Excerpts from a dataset
+ + + + +
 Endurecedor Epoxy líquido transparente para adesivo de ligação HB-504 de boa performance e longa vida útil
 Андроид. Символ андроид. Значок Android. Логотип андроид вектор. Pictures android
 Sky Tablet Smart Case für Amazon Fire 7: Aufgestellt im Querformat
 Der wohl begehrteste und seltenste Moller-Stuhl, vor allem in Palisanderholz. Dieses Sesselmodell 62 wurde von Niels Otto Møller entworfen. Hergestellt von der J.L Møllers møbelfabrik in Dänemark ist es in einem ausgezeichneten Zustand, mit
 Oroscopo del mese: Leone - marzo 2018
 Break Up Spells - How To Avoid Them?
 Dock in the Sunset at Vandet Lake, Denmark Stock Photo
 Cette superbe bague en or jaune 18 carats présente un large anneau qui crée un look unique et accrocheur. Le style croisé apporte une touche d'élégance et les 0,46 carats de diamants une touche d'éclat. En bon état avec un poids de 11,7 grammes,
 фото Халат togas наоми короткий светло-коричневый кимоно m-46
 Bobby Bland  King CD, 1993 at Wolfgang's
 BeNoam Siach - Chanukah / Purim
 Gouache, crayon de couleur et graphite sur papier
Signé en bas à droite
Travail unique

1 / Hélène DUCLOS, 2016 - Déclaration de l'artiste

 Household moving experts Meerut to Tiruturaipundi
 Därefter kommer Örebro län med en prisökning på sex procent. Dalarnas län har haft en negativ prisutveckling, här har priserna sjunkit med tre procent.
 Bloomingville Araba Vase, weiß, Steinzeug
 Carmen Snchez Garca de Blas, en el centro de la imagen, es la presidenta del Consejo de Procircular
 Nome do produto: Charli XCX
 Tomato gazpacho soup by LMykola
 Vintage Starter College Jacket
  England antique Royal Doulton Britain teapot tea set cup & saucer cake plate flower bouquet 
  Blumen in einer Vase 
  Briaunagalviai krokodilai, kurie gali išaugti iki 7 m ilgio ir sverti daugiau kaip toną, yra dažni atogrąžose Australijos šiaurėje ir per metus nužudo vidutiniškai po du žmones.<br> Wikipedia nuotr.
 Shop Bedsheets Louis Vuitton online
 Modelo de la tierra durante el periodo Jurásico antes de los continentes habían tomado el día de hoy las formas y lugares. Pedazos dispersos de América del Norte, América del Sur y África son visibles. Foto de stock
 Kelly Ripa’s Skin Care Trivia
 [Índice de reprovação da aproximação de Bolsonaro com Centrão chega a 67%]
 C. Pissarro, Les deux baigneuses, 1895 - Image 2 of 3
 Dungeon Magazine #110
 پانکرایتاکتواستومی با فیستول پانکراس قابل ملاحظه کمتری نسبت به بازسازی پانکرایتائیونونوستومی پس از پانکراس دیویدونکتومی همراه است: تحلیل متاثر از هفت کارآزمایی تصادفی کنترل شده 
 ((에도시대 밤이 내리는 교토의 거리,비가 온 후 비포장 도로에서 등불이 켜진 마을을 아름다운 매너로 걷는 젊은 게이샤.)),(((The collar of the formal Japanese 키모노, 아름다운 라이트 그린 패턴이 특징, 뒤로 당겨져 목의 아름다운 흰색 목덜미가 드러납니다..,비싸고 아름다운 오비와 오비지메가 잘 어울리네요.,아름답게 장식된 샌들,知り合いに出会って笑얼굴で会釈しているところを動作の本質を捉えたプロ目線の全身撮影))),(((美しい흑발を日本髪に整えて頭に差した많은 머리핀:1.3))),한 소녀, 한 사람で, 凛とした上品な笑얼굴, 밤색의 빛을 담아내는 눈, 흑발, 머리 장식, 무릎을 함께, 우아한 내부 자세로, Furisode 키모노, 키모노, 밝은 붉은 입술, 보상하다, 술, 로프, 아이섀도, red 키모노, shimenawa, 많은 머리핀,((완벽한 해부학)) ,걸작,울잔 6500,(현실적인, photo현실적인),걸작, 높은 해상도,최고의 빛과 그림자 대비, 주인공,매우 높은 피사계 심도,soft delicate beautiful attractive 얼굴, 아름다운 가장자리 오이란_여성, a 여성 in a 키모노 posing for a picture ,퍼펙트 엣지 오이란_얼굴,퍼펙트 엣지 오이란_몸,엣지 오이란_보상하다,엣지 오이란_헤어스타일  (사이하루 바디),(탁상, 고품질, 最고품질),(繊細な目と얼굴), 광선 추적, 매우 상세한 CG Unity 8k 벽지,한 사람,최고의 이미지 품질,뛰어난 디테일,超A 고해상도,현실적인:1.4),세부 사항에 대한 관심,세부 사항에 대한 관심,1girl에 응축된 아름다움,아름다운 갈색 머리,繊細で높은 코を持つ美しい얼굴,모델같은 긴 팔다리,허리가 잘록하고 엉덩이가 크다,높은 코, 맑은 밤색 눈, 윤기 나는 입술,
+ + + + +
WORK ITEM
Word for word, restate the lines of the data above that fall between the line holding "Därefter kommer Örebro" and the line holding "Bloomingville Araba Vase, weiß, Steinzeug", inclusive, and no other lines.

TASK SOLUTION
 Därefter kommer Örebro län med en prisökning på sex procent. Dalarnas län har haft en negativ prisutveckling, här har priserna sjunkit med tre procent.
 Bloomingville Araba Vase, weiß, Steinzeug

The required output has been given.